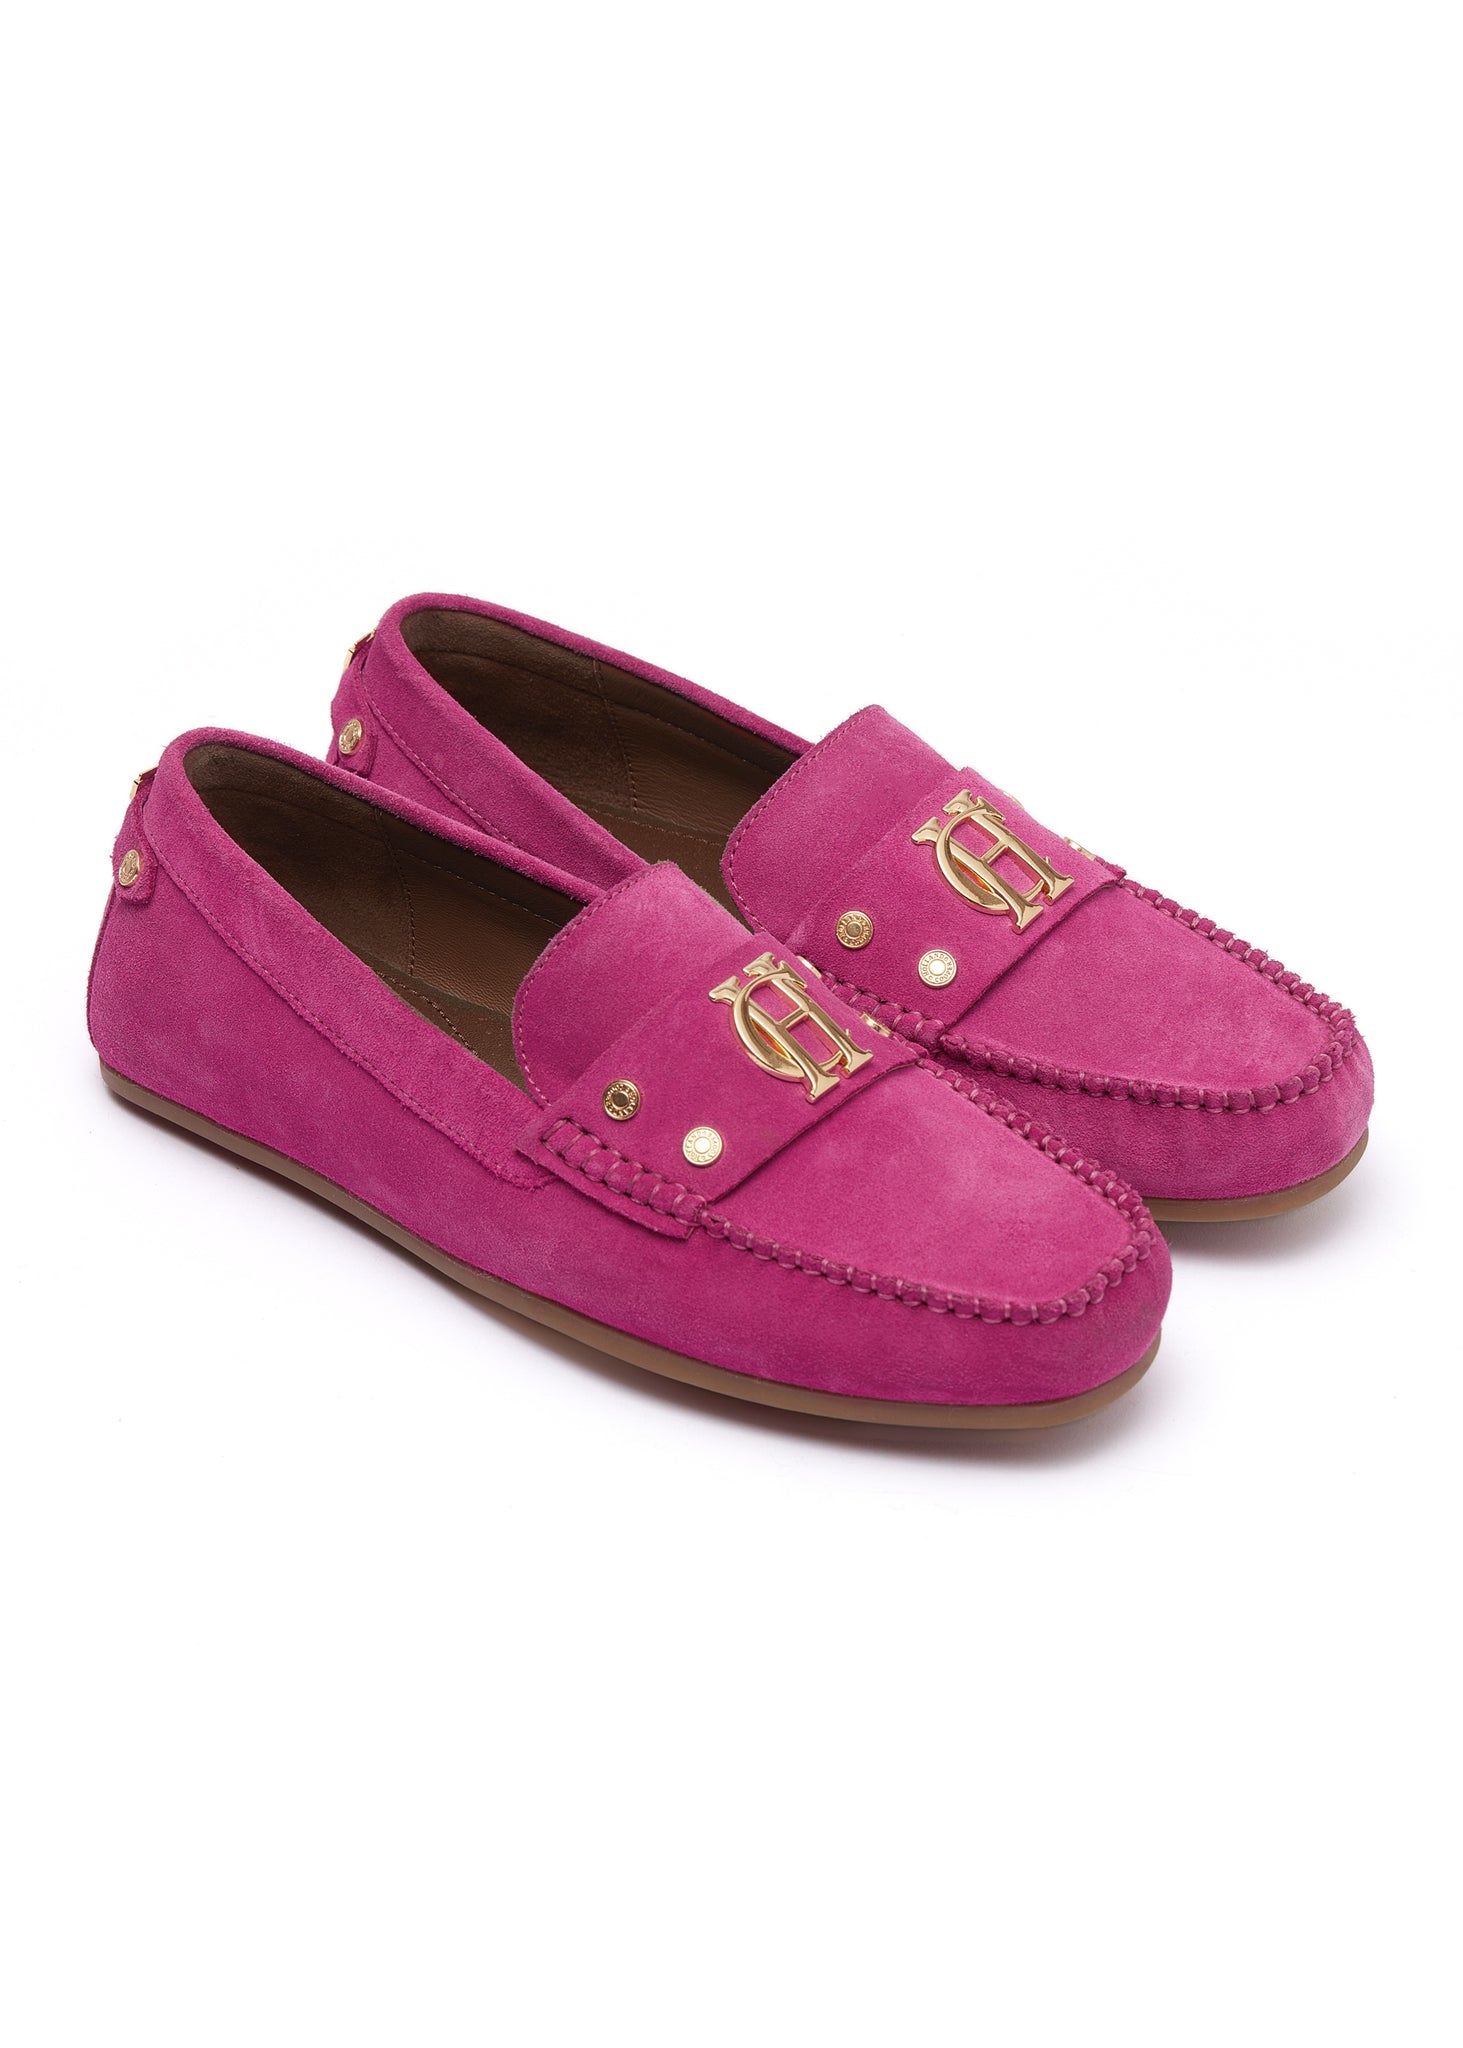 bright pink suede loafers with a leather sole and top stitching details and gold hardware
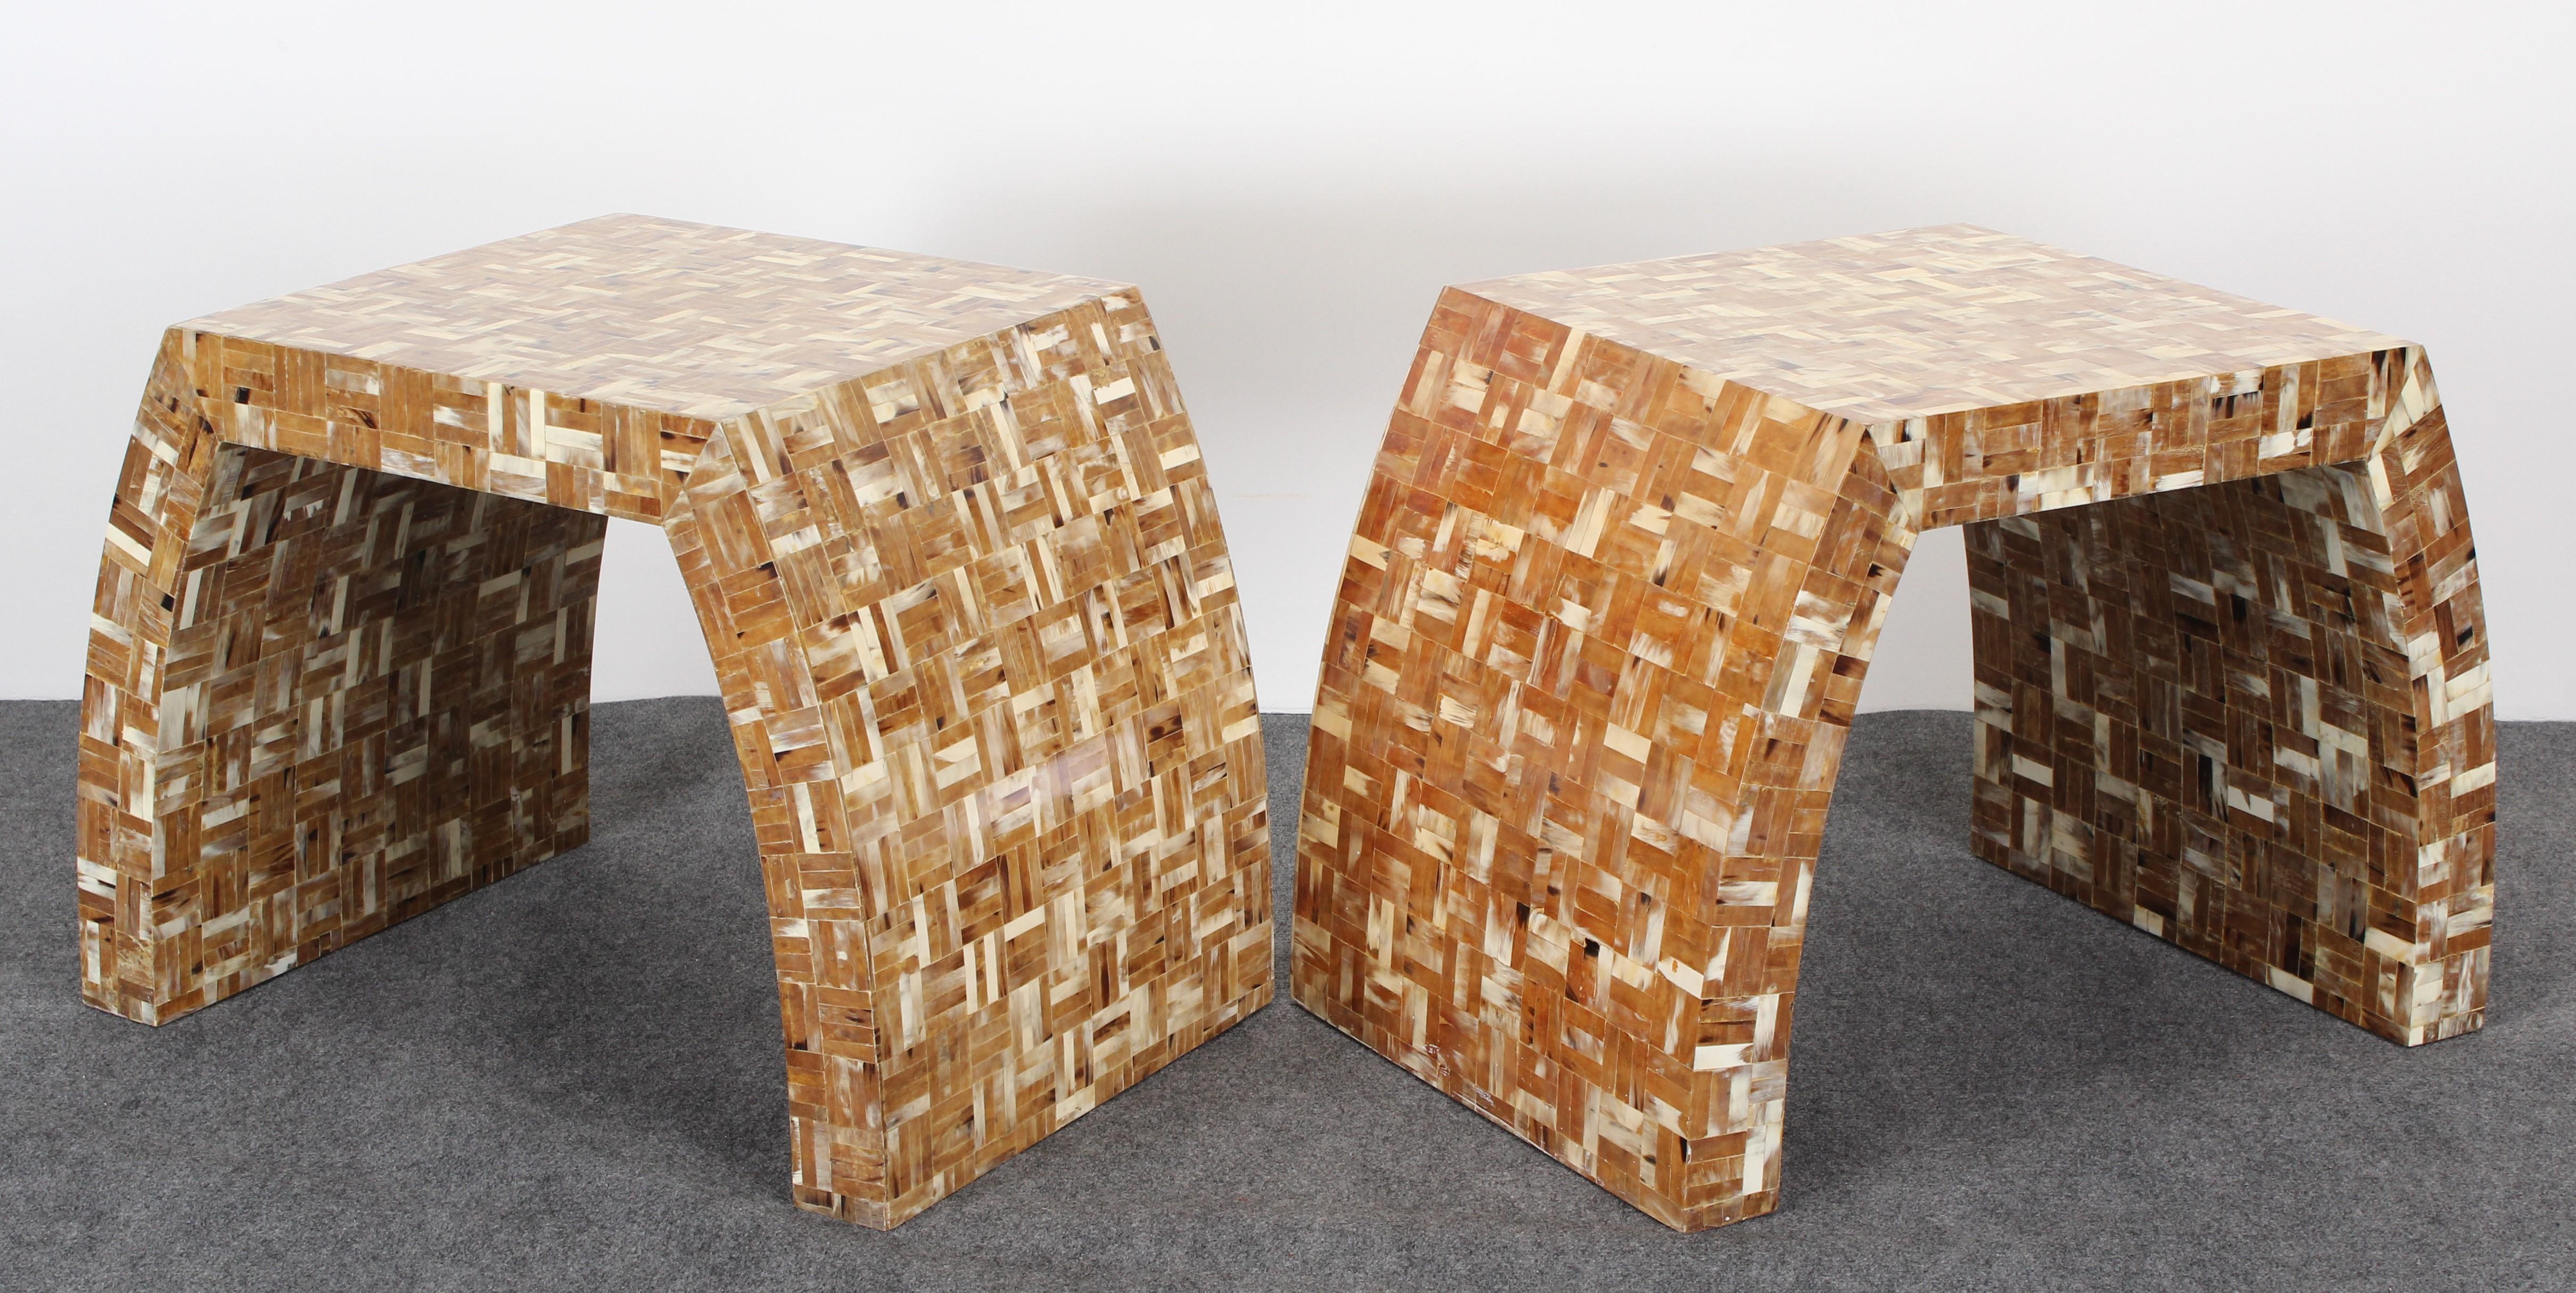 An exquisite pair of Enrique Garcel tessellated horn side tables or end tables. These pieces have an impressive scale and an interesting design. Very good condition with age appropriate wear.

Dimensions: 26

■ Task statement
An exact retyping of the material, minus the pictures, is the required answer.

■ Your response
 bright pink suede loafers with a leather sole and top stitching details and gold hardware
 An exquisite pair of Enrique Garcel tessellated horn side tables or end tables. These pieces have an impressive scale and an interesting design. Very good condition with age appropriate wear.

Dimensions: 26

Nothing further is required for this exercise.